Multi-Tenancy

Axelor Open Platform has multi-tenancy support. The term multi-tenancy refers to a software architecture in which a single instance of software runs on a server and serves multiple tenants. A tenant is a group of users who share common access with specific privileges to the software instance.

So now, a single instance of Axelor app can serve multiple tenants (users, companies etc).

Configuration

The default multi-tenancy implementation uses multiple databases per tenant and requires configuration from axelor-config.properties.

The database configuration keys with format db.<tenant-id>.<key> is used to configure database connections.

# enable multi-tenancy
application.multi-tenancy = true (1)

db.default.visible = false (2)
db.default.driver = org.postgresql.Driver
db.default.ddl = update (3)
db.default.url = jdbc:postgresql://localhost:5432/open-platform-demo-db
db.default.user = axelor
db.default.password =

db.db1.name = DB1 (4)
db.db1.hosts = host1,host1:8080 (5)
db.db1.driver = org.postgresql.Driver
db.db1.url = jdbc:postgresql://localhost:5432/open-platform-demo-db1
db.db1.user = axelor
db.db1.password =

db.db2.name = DB2
db.db2.hosts = host2,host2:8080
db.db2.driver = org.postgresql.Driver
db.db2.url = jdbc:postgresql://localhost:5432/open-platform-demo-db2
db.db2.user = axelor
db.db2.password =

db.db3.name = DB3
db.db3.hosts = host3,host3:8080
db.db3.driver = org.postgresql.Driver
db.db3.url = jdbc:postgresql://localhost:5432/open-platform-demo-db3
db.db3.user = axelor
db.db3.password =
1 required to enable multi-tenancy feature
2 the default database should be invisible as it’s a fallback
3 only default database supports DDL operations, schema for other tenants should be created manually
4 display name of the tenant
5 host name based filter, users can only access one tenant in case of hosts match

The default tenant is required and used for all unauthenticated requests.

Customization

We can override this default implementation by providing custom implementation of these two interfaces:

  • com.axelor.db.tenants.TenantConfig - an interface to provide tenant connection config values

  • com.axelor.db.tenants.TenantConfigProvider - an interface to obtain TenantConfig, may be from external resource

The TenantConfigProvider defines following methods to implement:

  • TenantConfig find(String tenantId) - find a TenantConfig instance for the given tenant id

  • List<TenantConfig> findAll(String host) - find all the TenantConfig for the given hostname

The custom implementation should be integrated from application module like this:

public class DemoModule extends AxelorModule {

    @Override
    protected void configure() {
        bind(TenantConfigProvider.class).to(MyTenantConfigProvider.class);
    }

}

It’s up to the MyTenantConfigProvider to decide how to resolve tenants (may be using jdbc connection to some external database).

Multi-threading

Any multithreaded or multiprocess tasks should be wrapped to enable execution within a context-aware environment.
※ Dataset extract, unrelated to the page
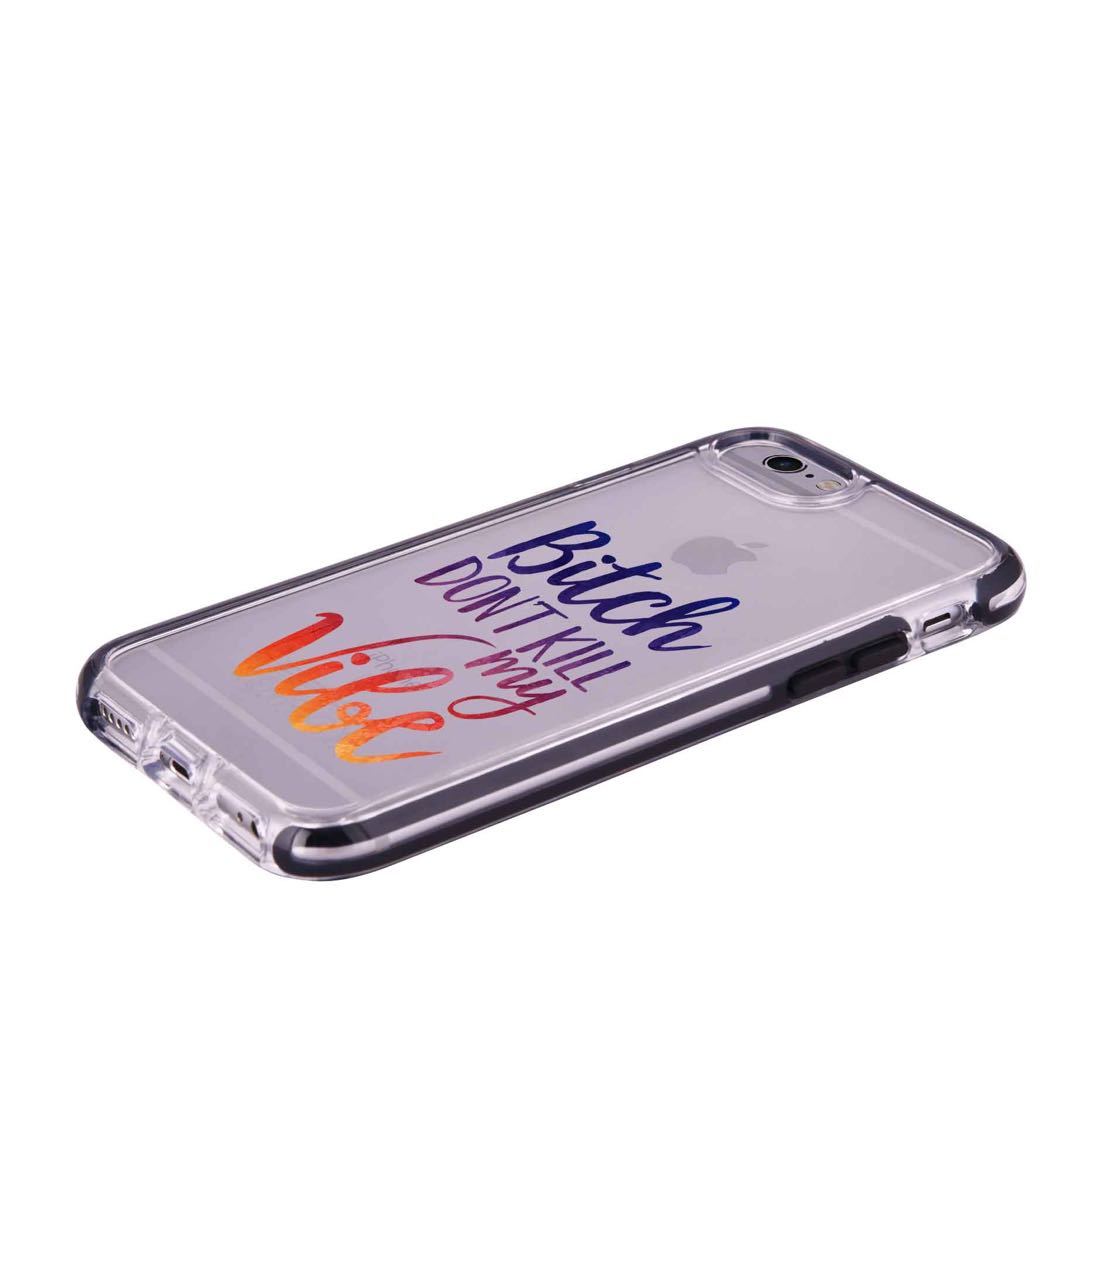 Dont kill my Vibe - Extreme Phone Case for iPhone 6 Plus

Suppose you have the following code that executes a task using a separate background process:

process task
final ExecutorService executor = Executors.newFixedThreadPool(numWorkers);
executor.submit(() -> {
  // work with database
});

It will not work as expected as the current tenant context is not available outside the current thread. Also, it will not set current admin running the process.

It can be fixed with the following changes:

tenant aware process task
final ExecutorService executor = Executors.newFixedThreadPool(numWorkers);
executor.submit(ContextAware.of().build(
  () -> {
    // work with database
  }
));

Now the task will have the current tenant and current user context.

The ContextAware* system will run the task inside a new transaction by default. If this is not the expected behavior, you can disable it with .withTransaction(false) before starting the thread.

However, if the process is not started from a web request (directly or indirectly), you have to pass the desired tenant id and user manually. Otherwise, it will assume a default tenant and no user.

tenant aware process task
final ExecutorService executor = Executors.newFixedThreadPool(numWorkers);
executor.submit(ContextAware.of().withTenantId("some-tenant").withUser(AuthUtils.getUser("admin")).build(
  () -> {
    // work with database
  }
));

The same way, you have to change and tasks running in different threads:

threaded task
Thread task = new Thread(() -> {
  // work with database
});

task.start();

should be changed to:

tenant aware threaded task
Thread task = new Thread(ContextAware.of().build(
  () -> {
    // work with database
  }
));

task.start();

Authentication

Clients without session support (e.g. direct basic auth) should provide X-Tenant-ID header with every request to select a tenant.

Clients with session support should send X-Tenant-ID header with login request.

Limitations

Schema generation is disabled in multi-tenancy mode.